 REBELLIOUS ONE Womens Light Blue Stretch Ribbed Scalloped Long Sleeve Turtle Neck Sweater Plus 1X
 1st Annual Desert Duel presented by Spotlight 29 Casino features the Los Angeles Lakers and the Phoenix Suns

▬▬▬▬▬▬▬▬▬▬

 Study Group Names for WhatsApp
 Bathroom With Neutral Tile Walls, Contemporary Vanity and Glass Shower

▬▬▬▬▬▬▬▬▬▬

### YOUR TASK:
Reproduce, exactly as they stand in the data above, the lines from the one that holds "Study Group Names for WhatsApp" to the one that holds "Bathroom With Neutral", inclusive.

### EXPECTED ANSWER:
 Study Group Names for WhatsApp
 Bathroom With Neutral Tile Walls, Contemporary Vanity and Glass Shower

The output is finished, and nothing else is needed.